_Problem to work on_:
For this task, extract exactly the lines of the data below, from the line containing "I wonder what will next be there!" through the last one, with pictures left out.

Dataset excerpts
______

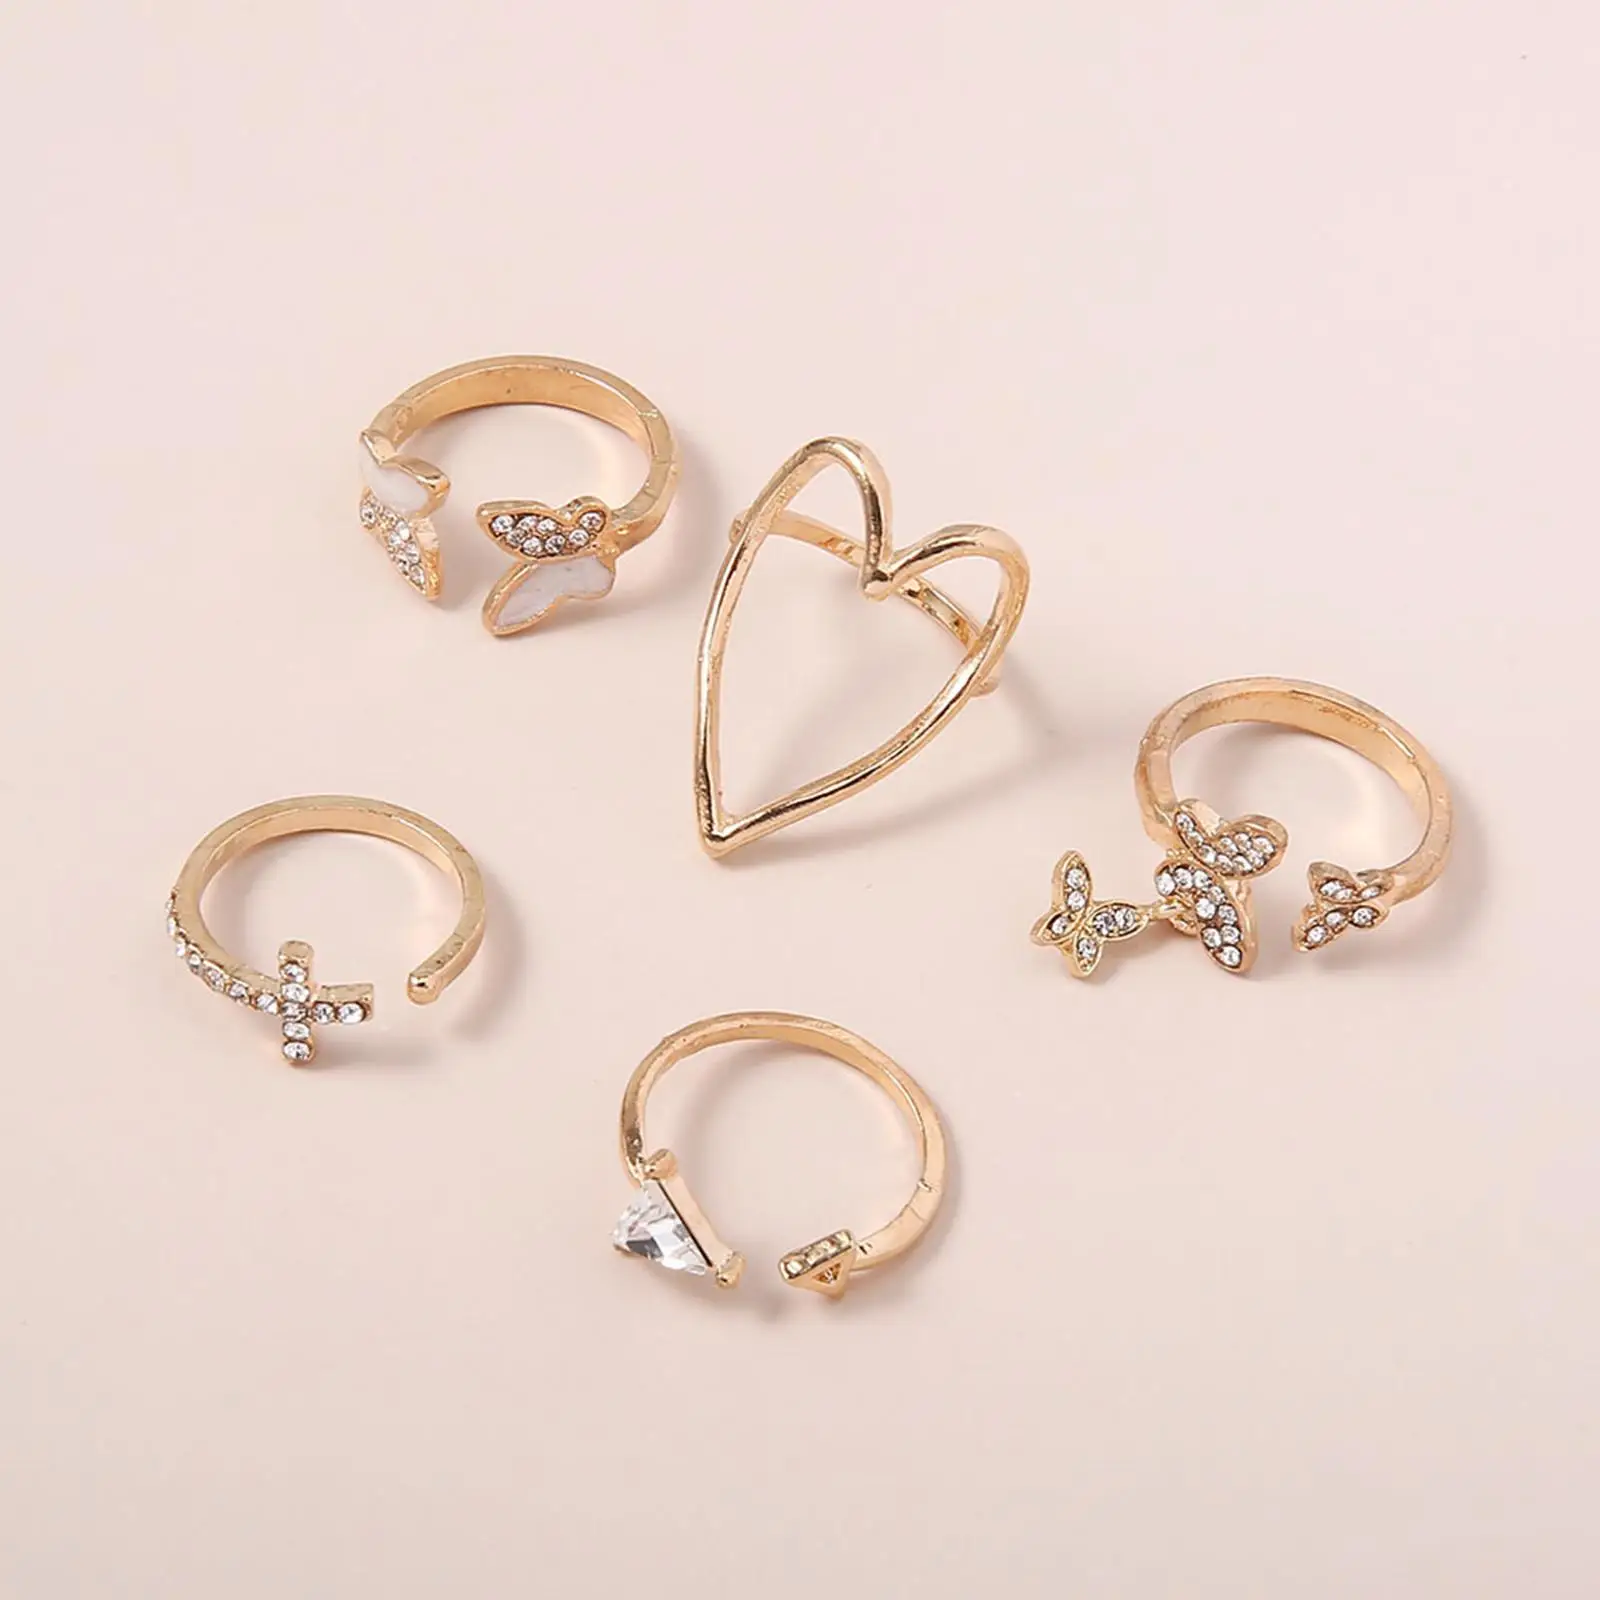 5Pcs/Set Bohemian Knuckle Rings Joint Knot Rings Sets Finger Rings Teen Girls Jewelry Gifts Party Wedding Valentine Day Present
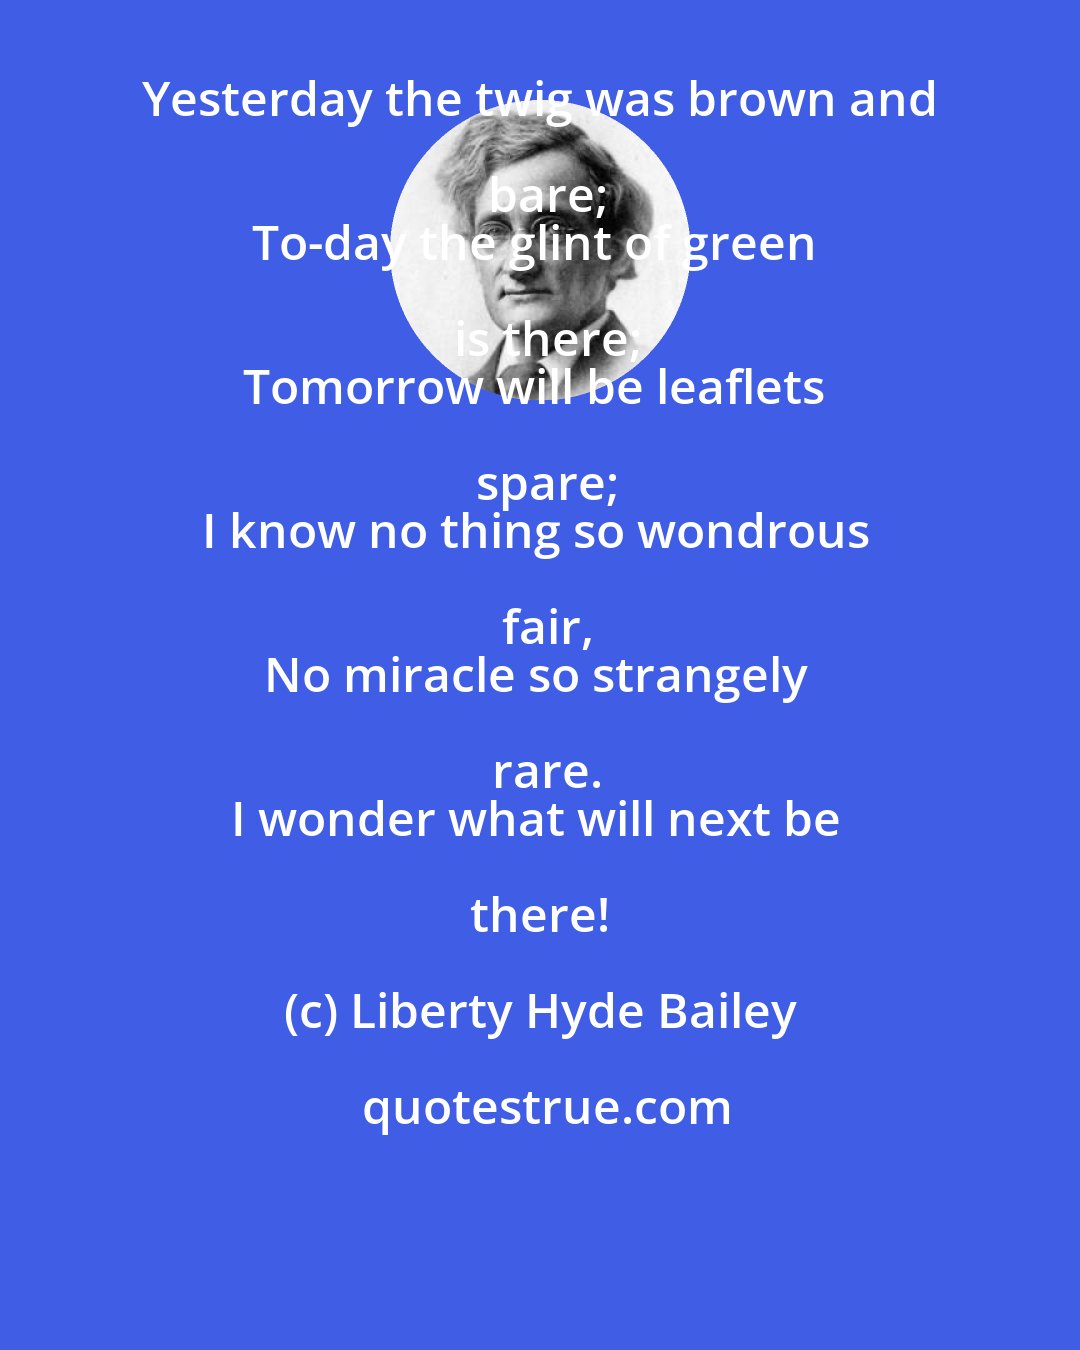 Liberty Hyde Bailey: Yesterday the twig was brown and bare;
To-day the glint of green is there;
Tomorrow will be leaflets spare;
I know no thing so wondrous fair,
No miracle so strangely rare.
I wonder what will next be there!
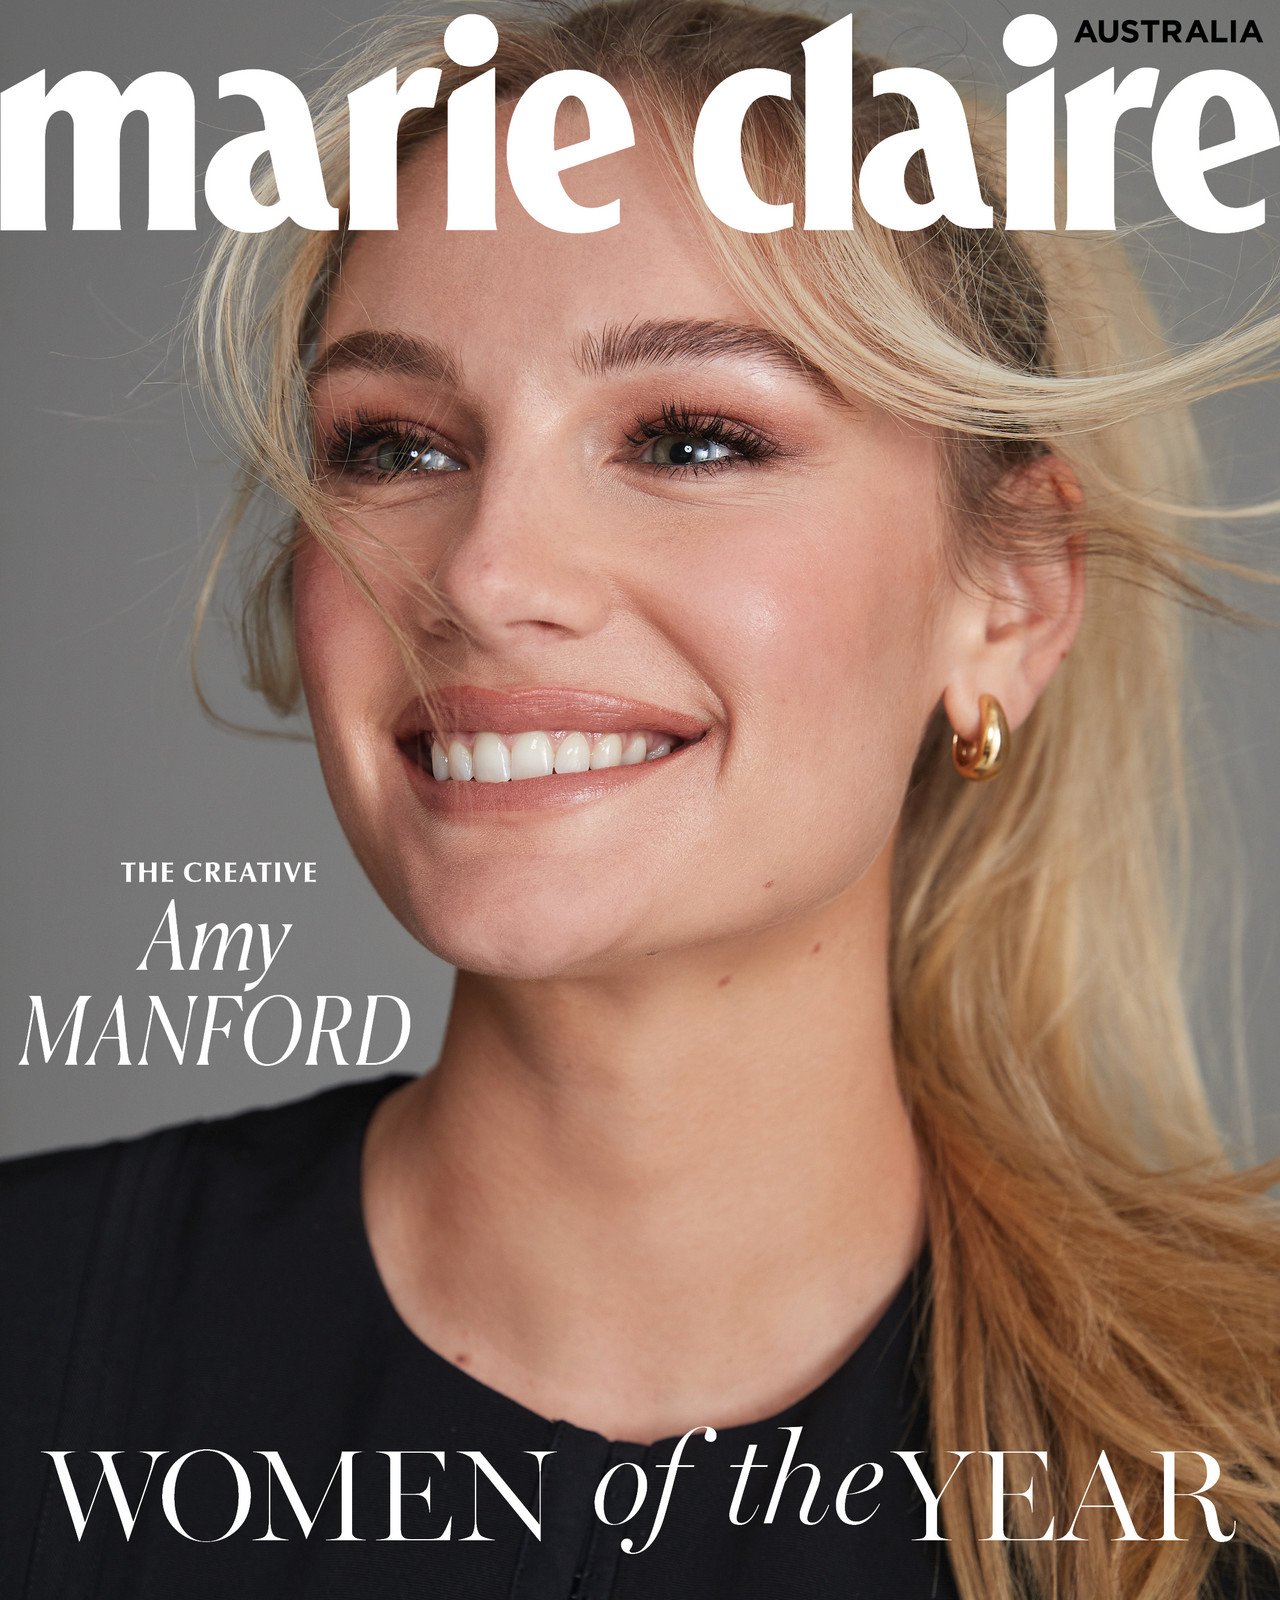 AMY MANFORD | WOMEN OF THE YEAR - MARIE CLAIRE AUSTRALIA

______

_Solution_:
I wonder what will next be there!
 AMY MANFORD | WOMEN OF THE YEAR - MARIE CLAIRE AUSTRALIA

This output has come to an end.